The reply is a verbatim copy of the listing below with its images dropped.

**Recorded data**

:::

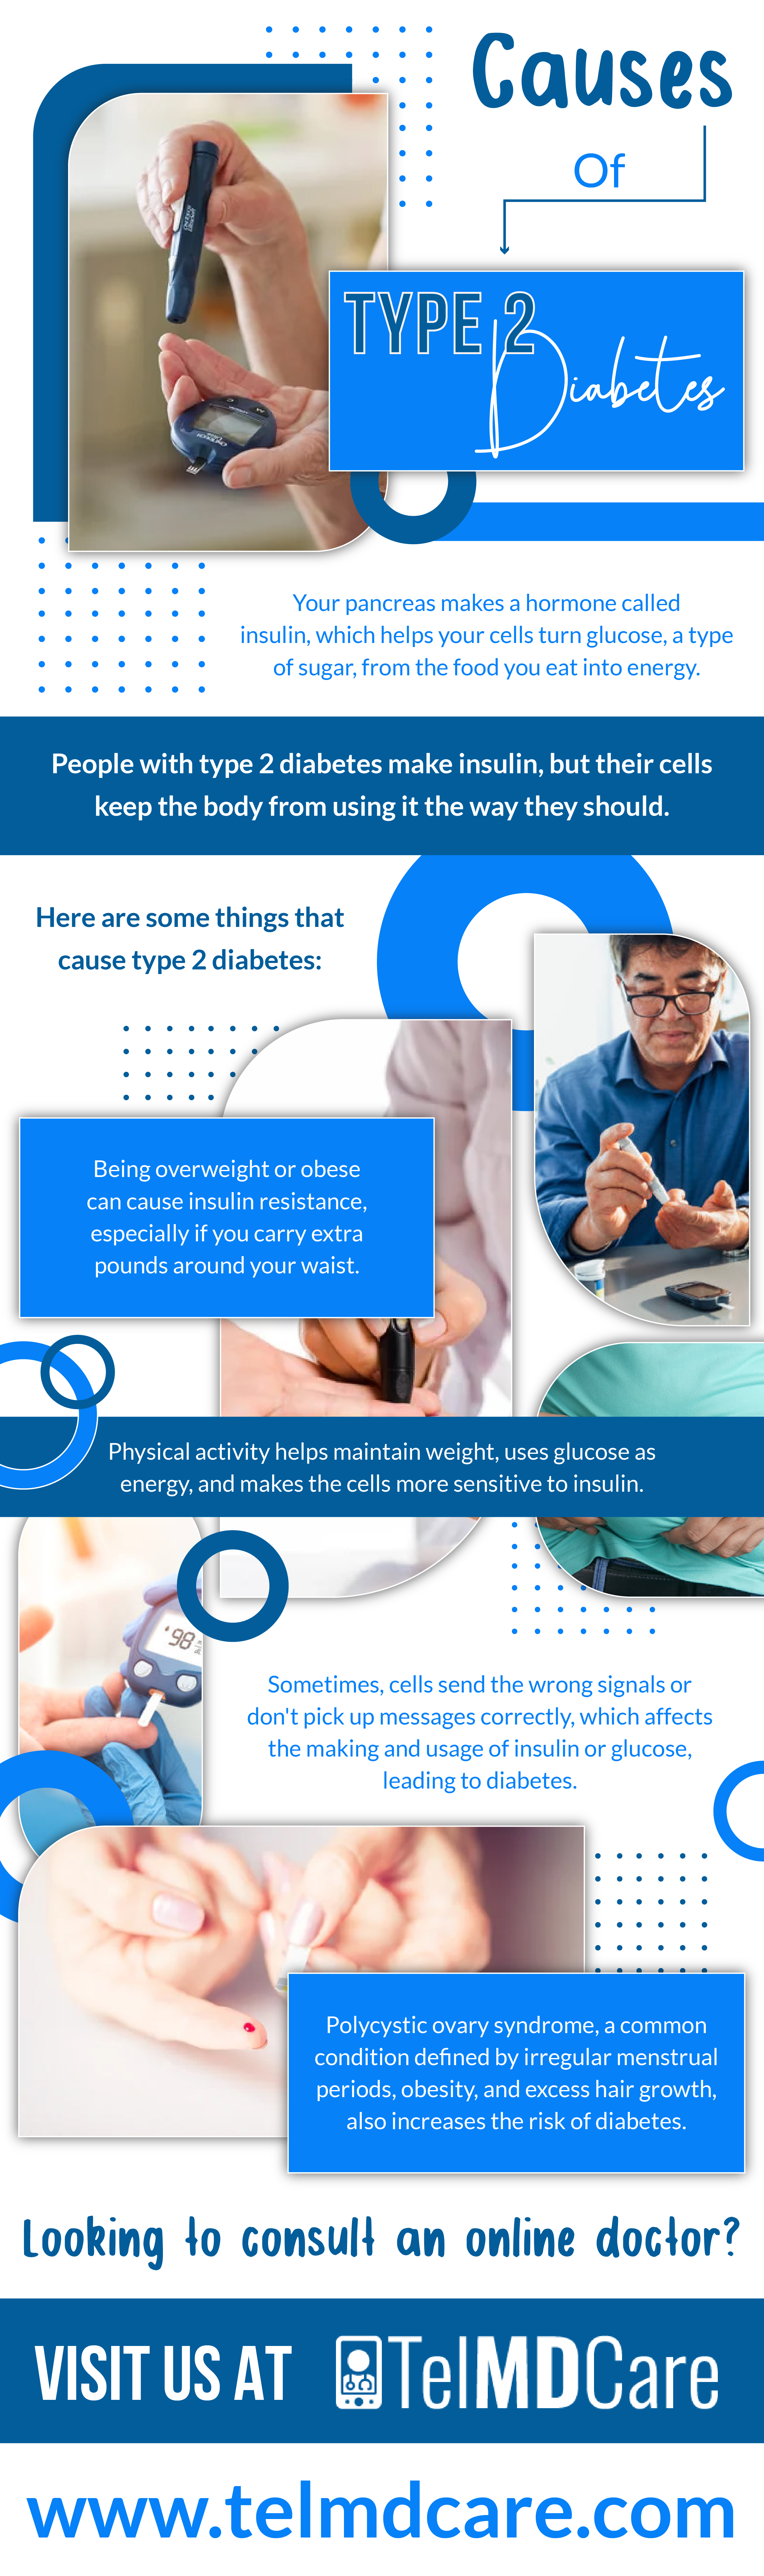 Causes of Diabetes Type 2
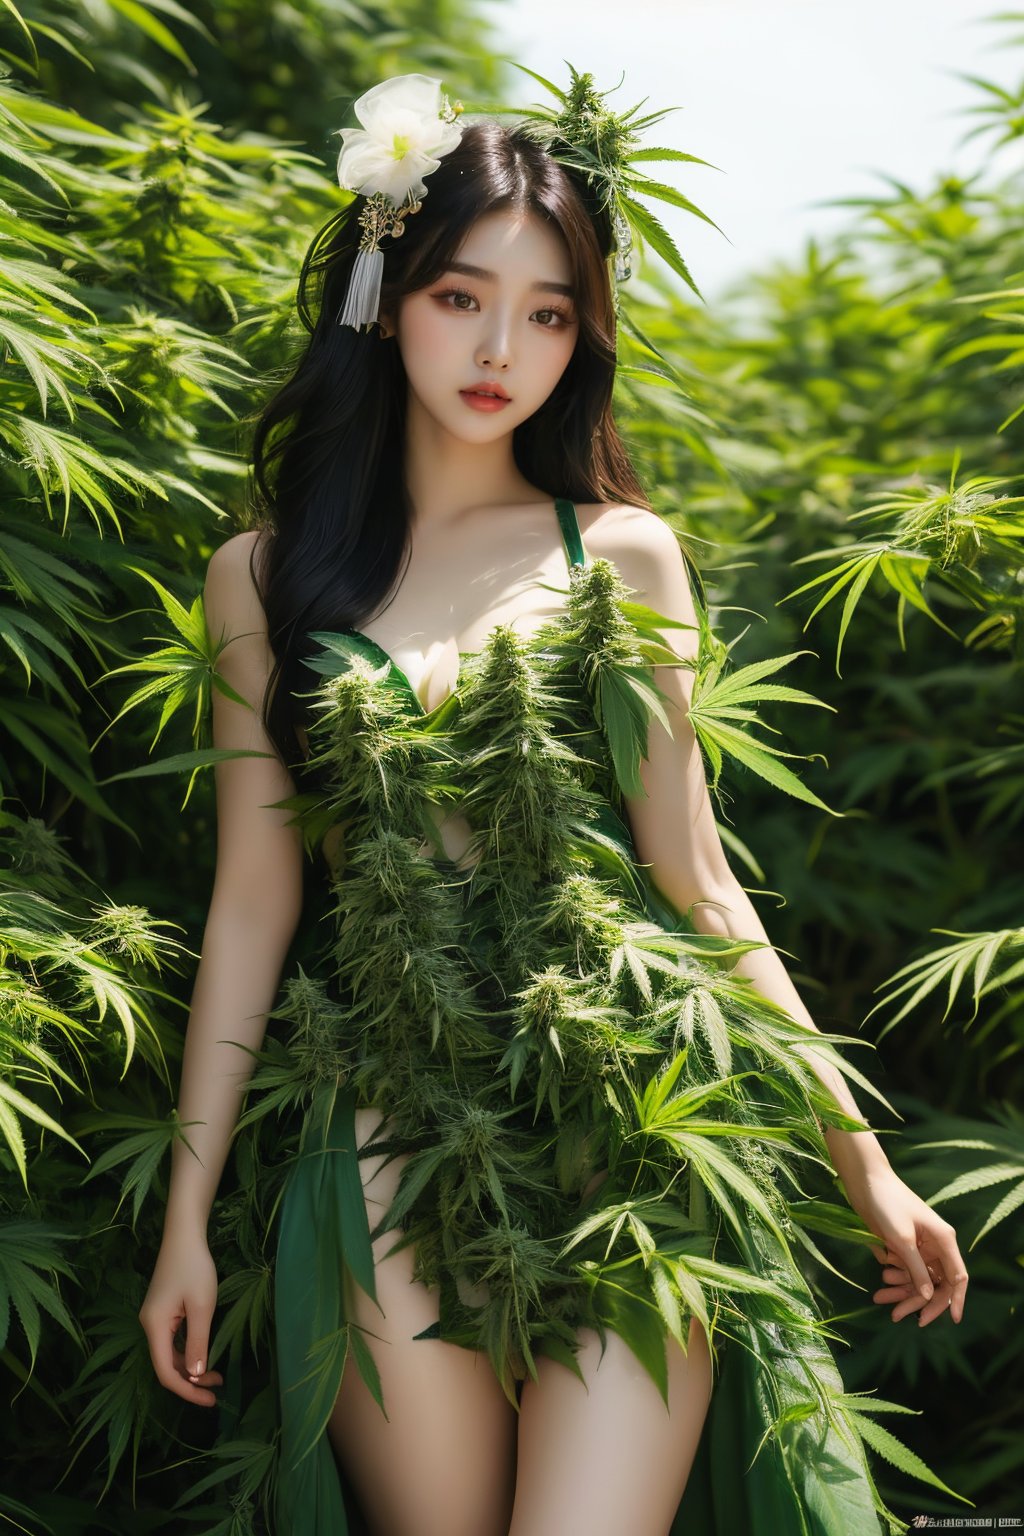 A pretty korean girl wearing dress of marijuana leaves, personification of marijuana, organic seductive geisha, woman made of plants, with green cannabis leaves, princess of cannabis, covered in plants, beautiful south korean woman,cnb,realistic
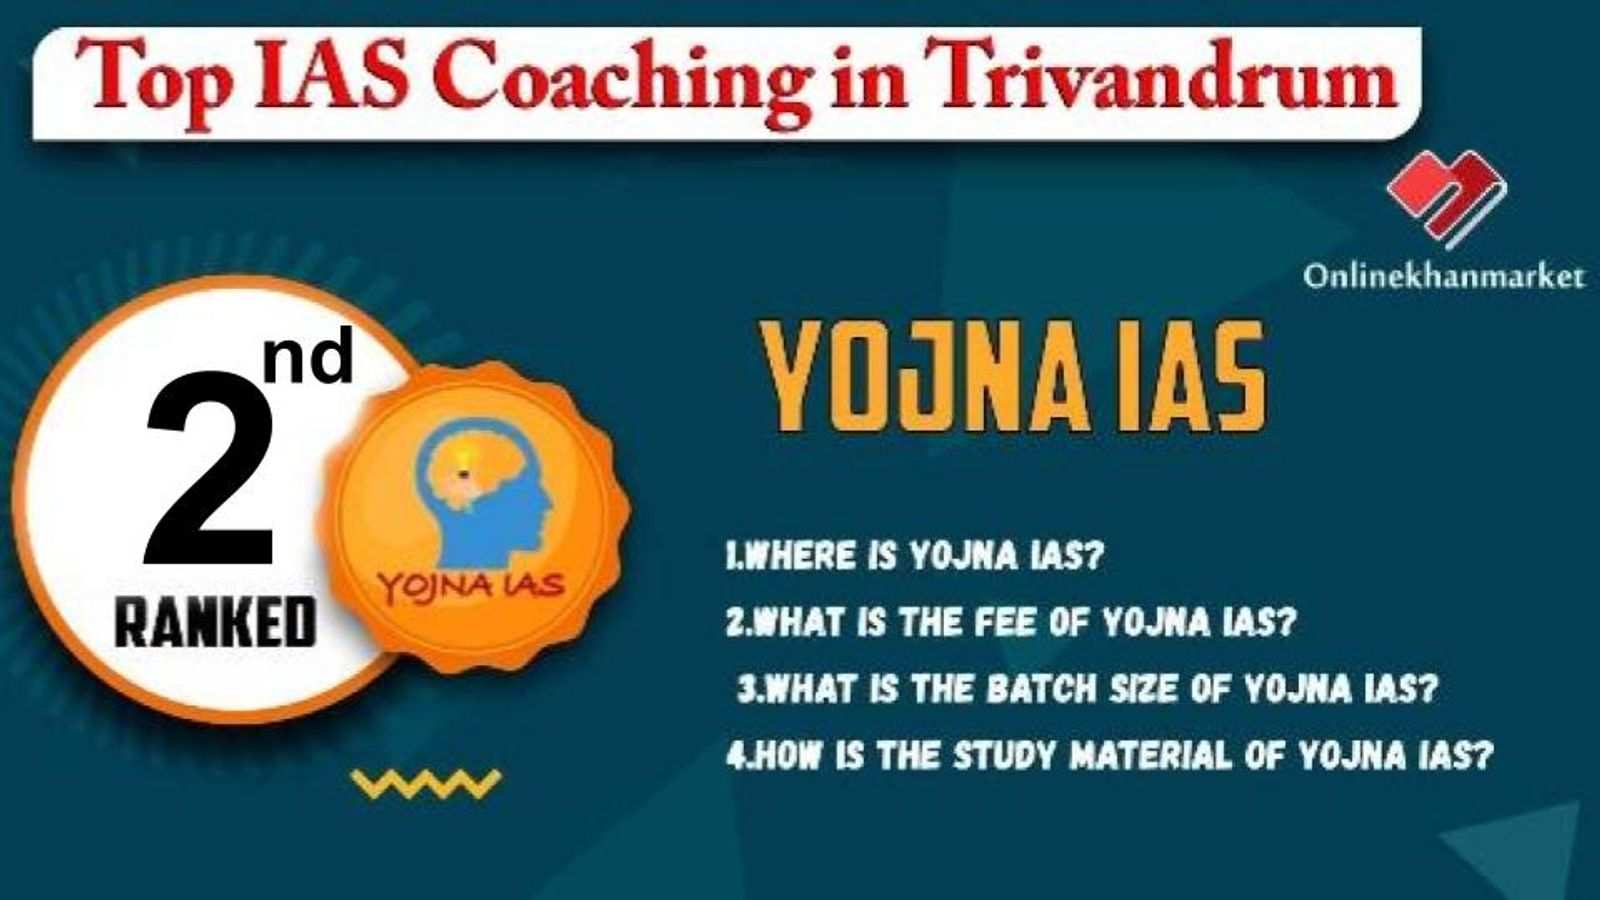 Top IAS Coaching in Trivandrum
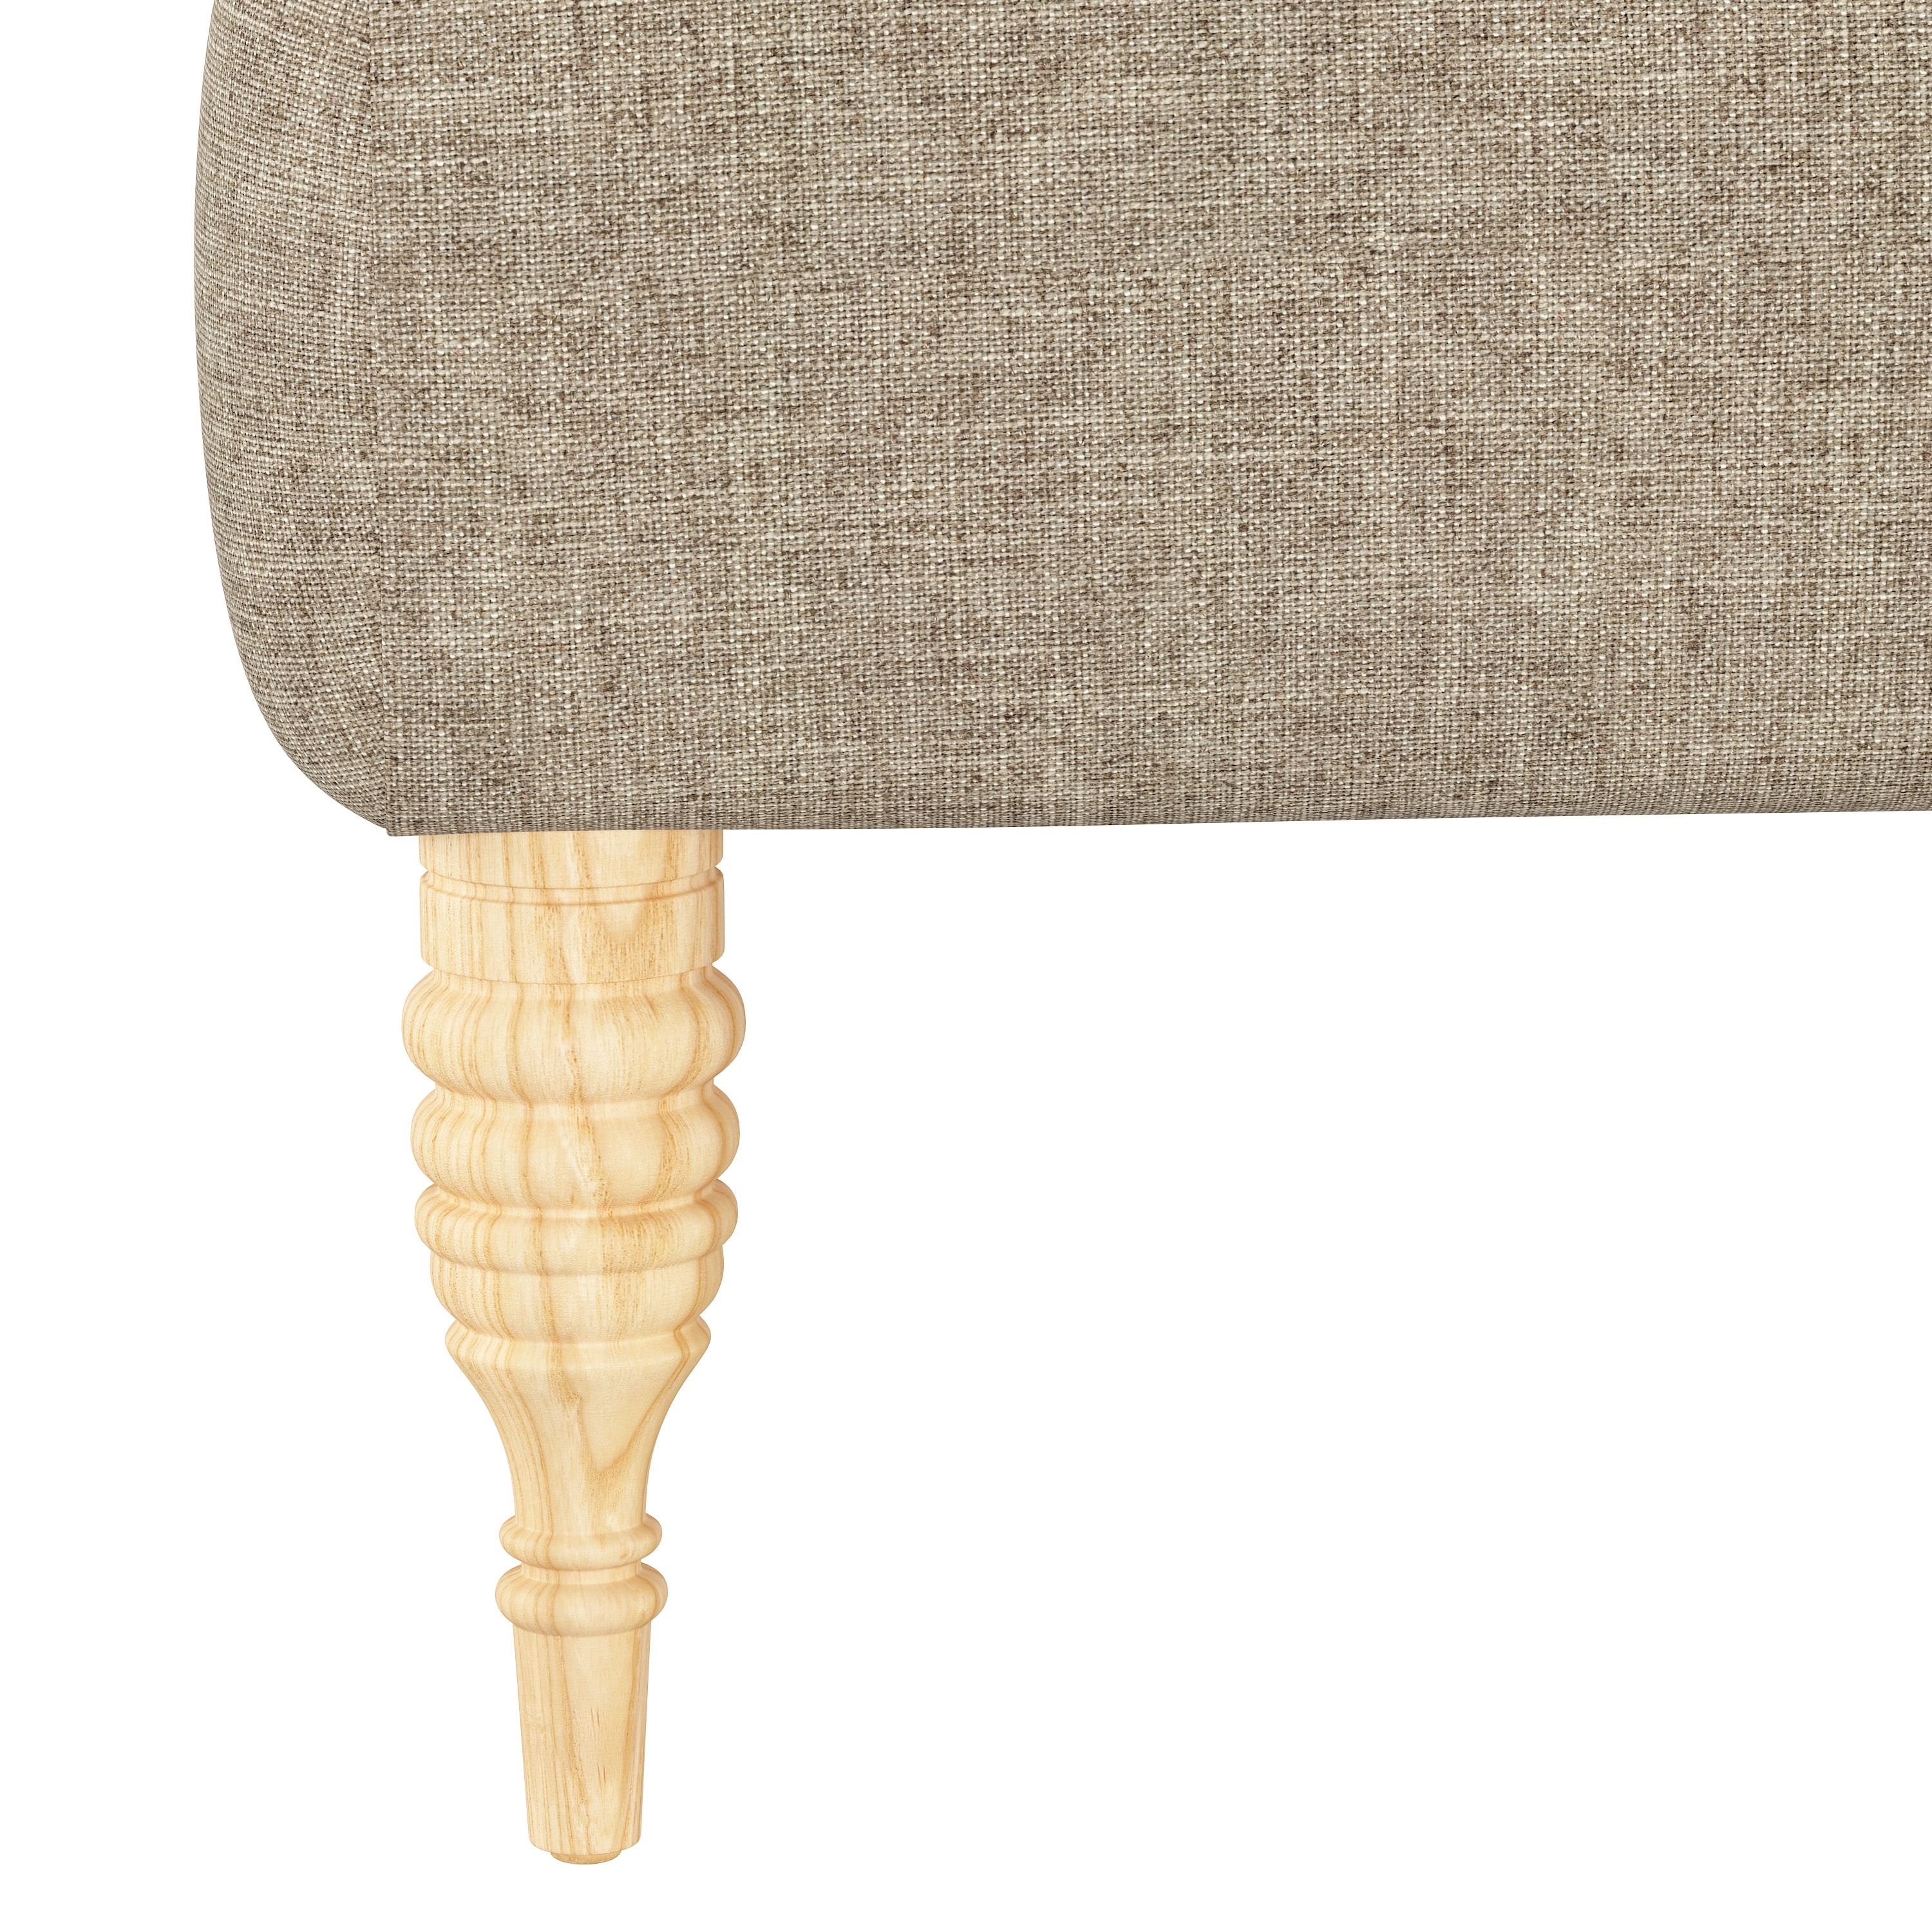 Merrill Chair, Linen - Image 4

:::

**Result below**
 Causes of Diabetes Type 2
 A pretty korean girl wearing dress of marijuana leaves, personification of marijuana, organic seductive geisha, woman made of plants, with green cannabis leaves, princess of cannabis, covered in plants, beautiful south korean woman,cnb,realistic
 Top IAS Coaching in Trivandrum
 Merrill Chair, Linen - Image 4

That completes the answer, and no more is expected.